Serena und Axel helfen mir, mein Zimmer zu dekorieren, bis es sich für mich mehr wie ein Zuhause anfühlt. Die beiden lassen mein schmerzendes Herz weniger wehtun, so gut, wie sie mich behandeln. Sie haben keine Angst, mir nahe zu kommen wie die anderen Wölfe, und bringen mich sogar zum Kichern und Lachen, so normal, wie sie sich verhalten.
„Ich habe dir Essen auf den Schreibtisch gestellt, falls du hungrig wirst. Wenn du irgendetwas brauchst, dann link dich einfach mit uns“, sagt Serena, während sie mich ins Bett zudeckt. Es ist ein langer Tag gewesen, aber dass Axel und Serena bei mir sind, macht es leichter.

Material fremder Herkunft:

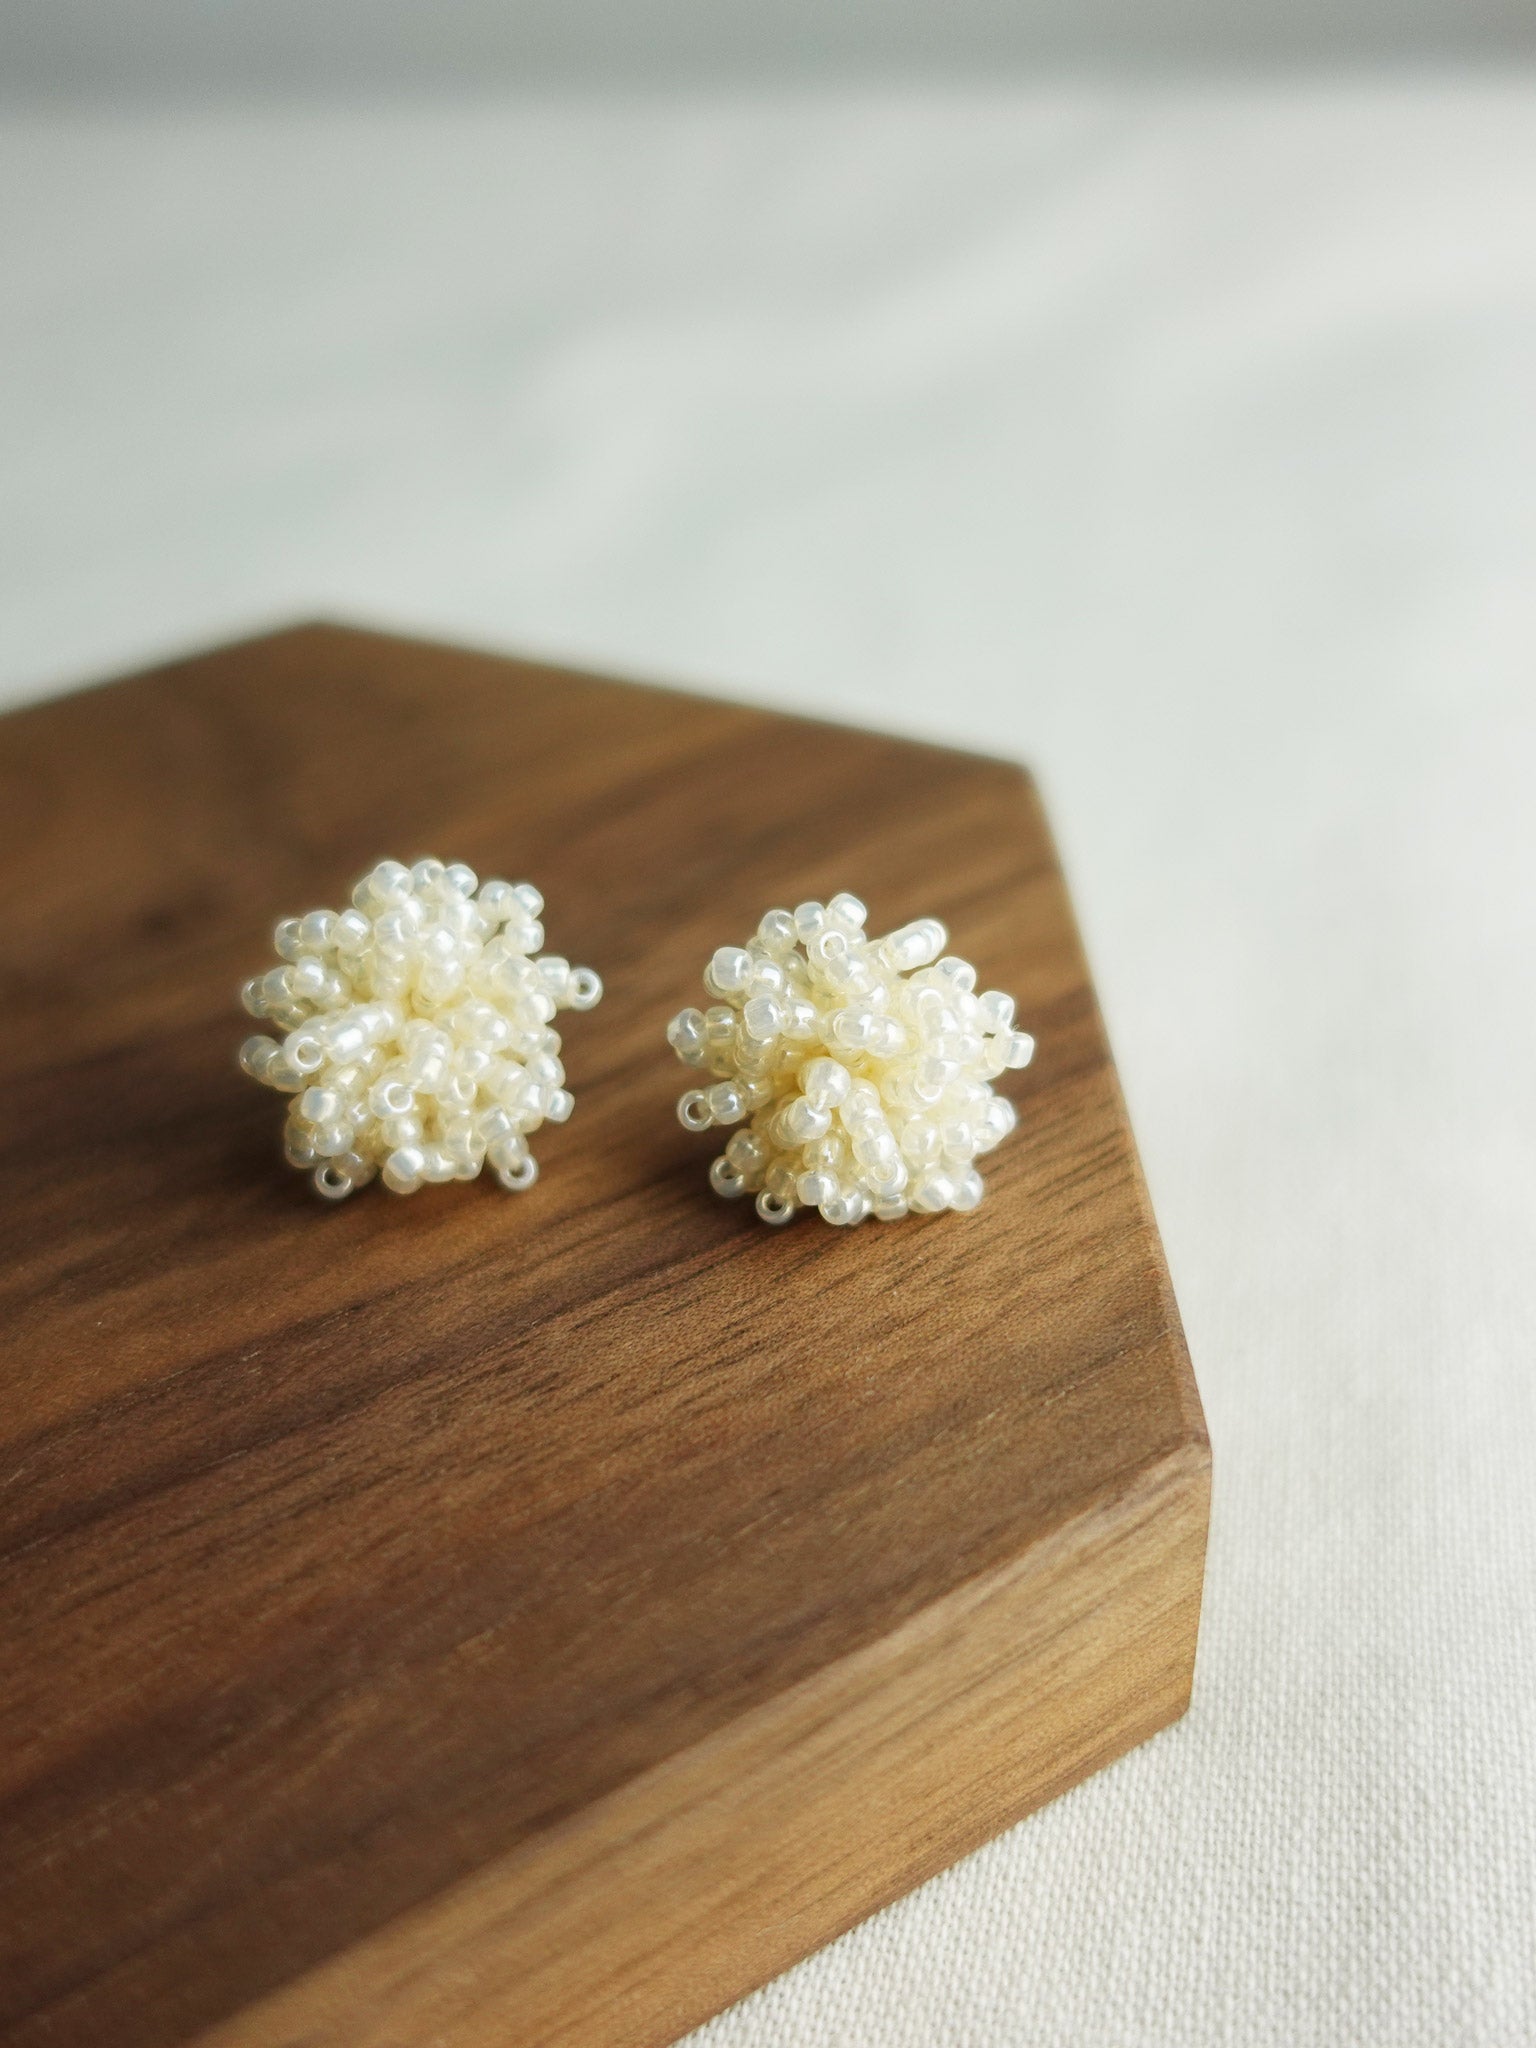 Fluffy Earrings in Ivory Display Close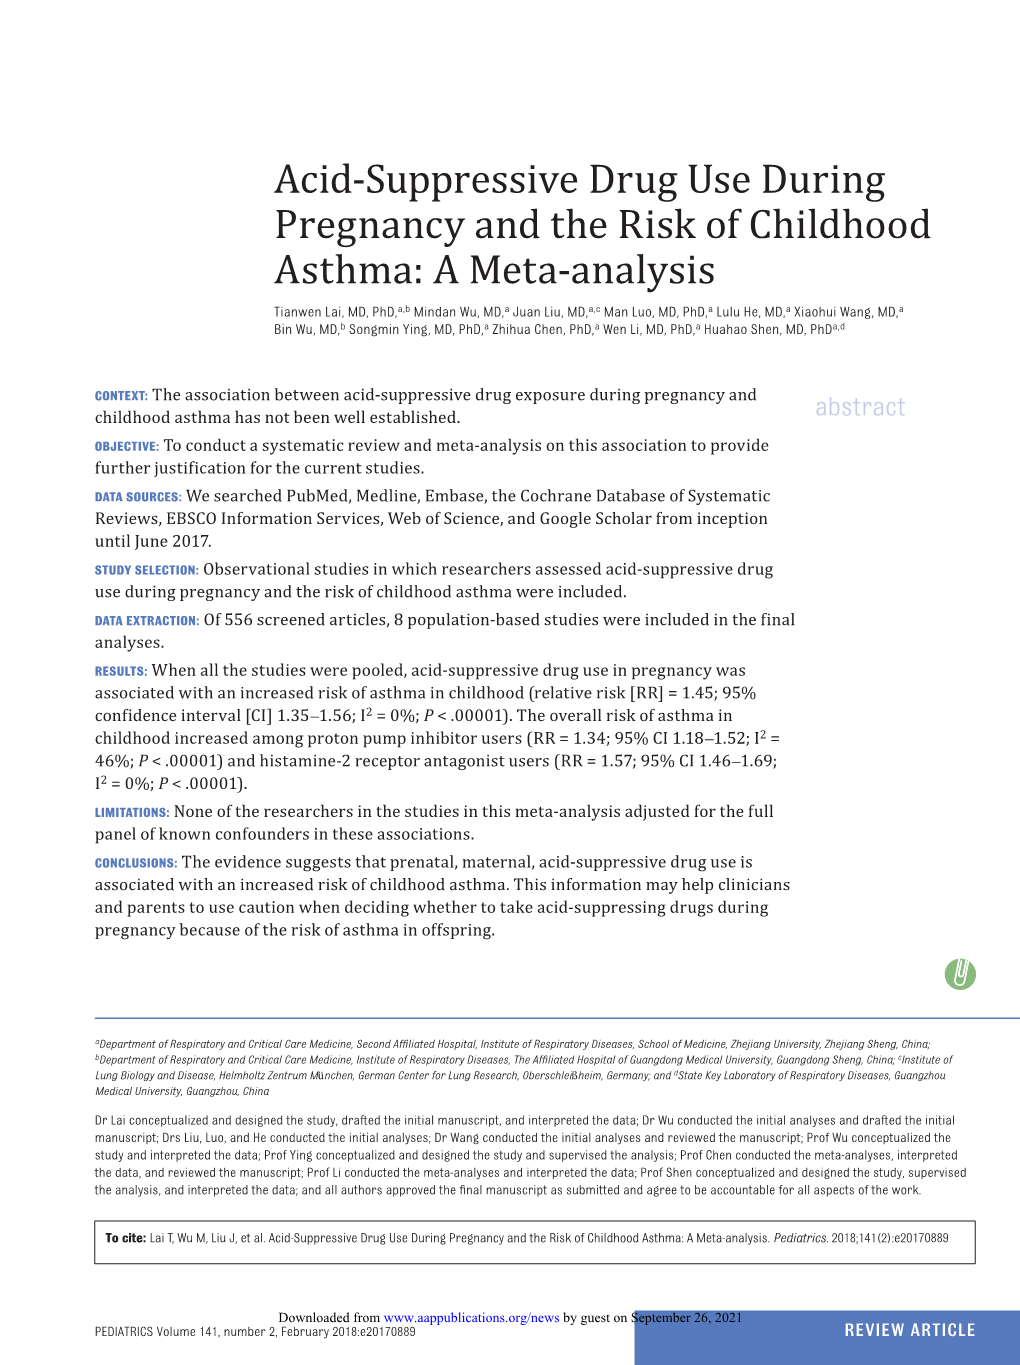 Acid-Suppressive Drug Use During Pregnancy and the Risk of Childhood Asthma: a Meta-Analysis

„Danke“, flüstere ich, und die Liebe, die sie mir entgegenbringen, lässt den Schmerz in meinem Herzen ein Stück weit abklingen, wenn auch nicht ganz. Das neue Beta-Paar geht, nachdem sie sichergestellt haben, dass ich weiß, wo ihr Zimmer im Rudelhaus ist. Der Raum ist still und feierlich ohne ihre Anwesenheit. An meinen Stoffhasen gekuschelt, den Mom auf einem Stadtfest für mich gewonnen hat, lasse ich endlich die Tränen los, die ich den ganzen Tag über zurückgehalten habe, und weine mir die Seele aus dem Leib. Ich habe Angst davor, allein zu sein, aber ich habe das Gefühl, dass ich für eine Weile nichts anderes als allein sein werde. Ich muss jetzt härter arbeiten, da meine Familie fort ist. Mit Entschlossenheit und Traurigkeit, die sich in meinem Herzen vermischen, spüre ich, wie die Dunkelheit näherkriecht, während ich mich weinend in den Schlaf treiben lasse.